Watty: why are bats immune to coronavirus?

ats are a wonderful, or maybe not so wonderful, source of deadly viruses: SARS, ebola, Marburg, MERS, many paramyxoviruses—viruses of the mumps family—not to mention rabies and other lyssaviruses that cause lethal encephalitis, and now SARS-CoV-2. Bats are even more likely to be infected with zoonotic diseases than rats.^[1]

It's true that bats don't practice social distancing. But you never see one dropping dead from ebola or even COVID-19. Bats seem to be immune from SARS and MERS.^[2] Why?
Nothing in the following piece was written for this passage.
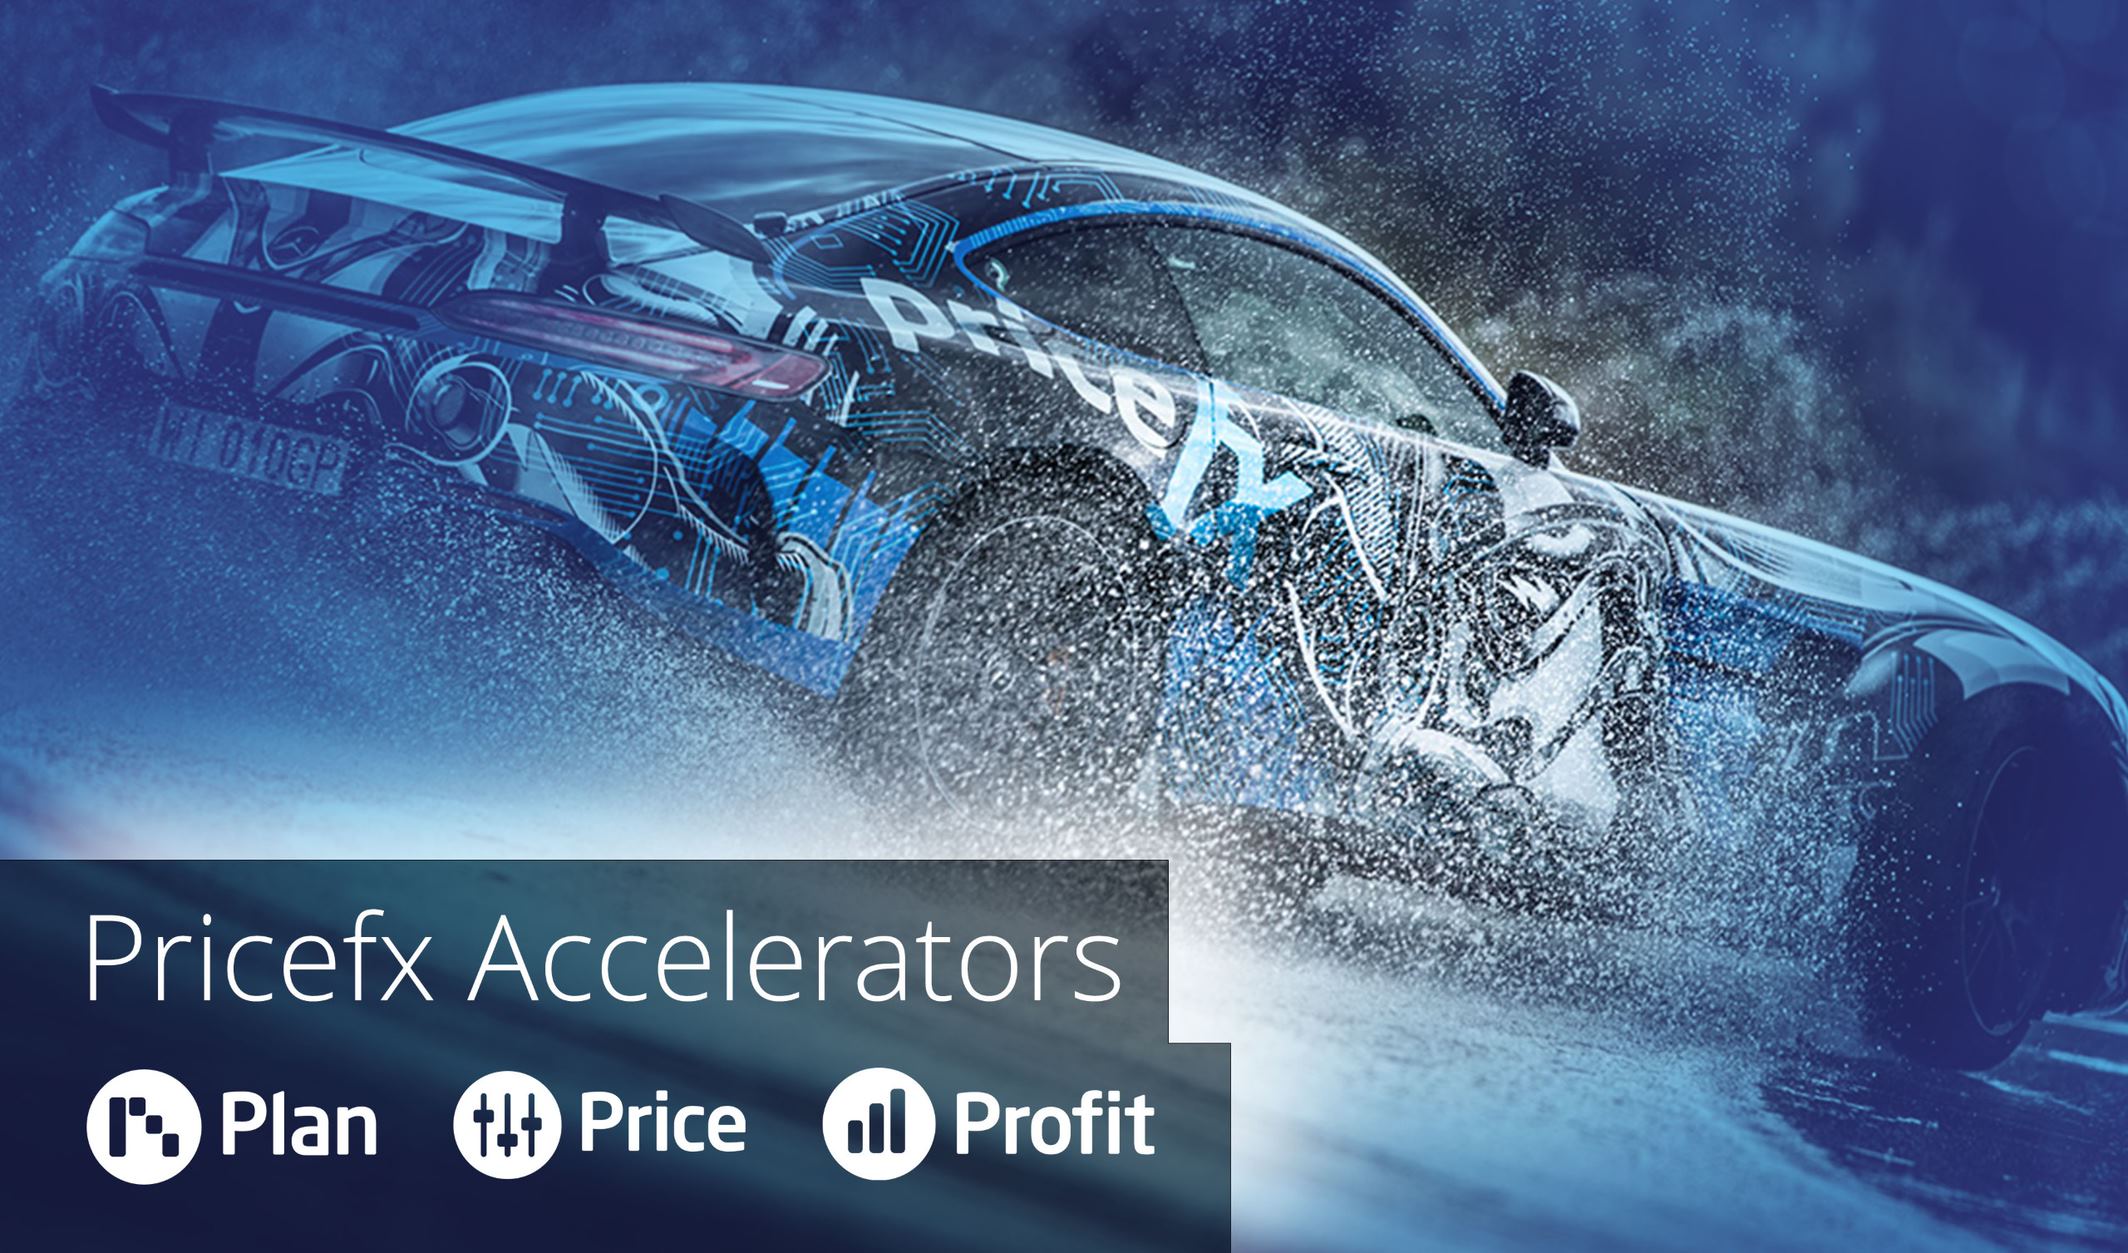 Pricefx-Accelerators-and-Pricefx-color-scheme-sports-car-on-wet-track

Flying raises the metabolism of a bat by 15–16-fold. A flying bat can reach temperatures up to 42°C (107.6°F), equivalent to a high fever in humans. So O'Shea et al.^[3] speculated that the searing temperatures encountered in bat flight impair viral replication and enhance production of immune cells (monocytes, killer T cells, and antibody-producing B cells; see here for a description) and protective molecules (oxygen radicals, interferons, heat-shock proteins, and complement proteins). They suggested that somebody else who has some bats ought to do some research on this.

Bats are long-lived—some live up to 41 years, and much of that spent in hibernation, where their metabolism is slowed down. This raises doubt about the hyperthermia theory, and other researchers have suggested that the high oxygen usage during flight damages their DNA, so perhaps bats are selected for more efficient DNA damage checkpoint molecules. Since checkpoint molecules are similar to molecules in the immune system, this could have improved bat immunity^[6].

But the immune system seems to be the real key. Like humans, bats have two different immune systems called innate and adaptive immune systems. When a pathogen like a virus shows up, the innate immune system, which identifies pathogens by their shared chemical proper­ties, is the one that first attacks it.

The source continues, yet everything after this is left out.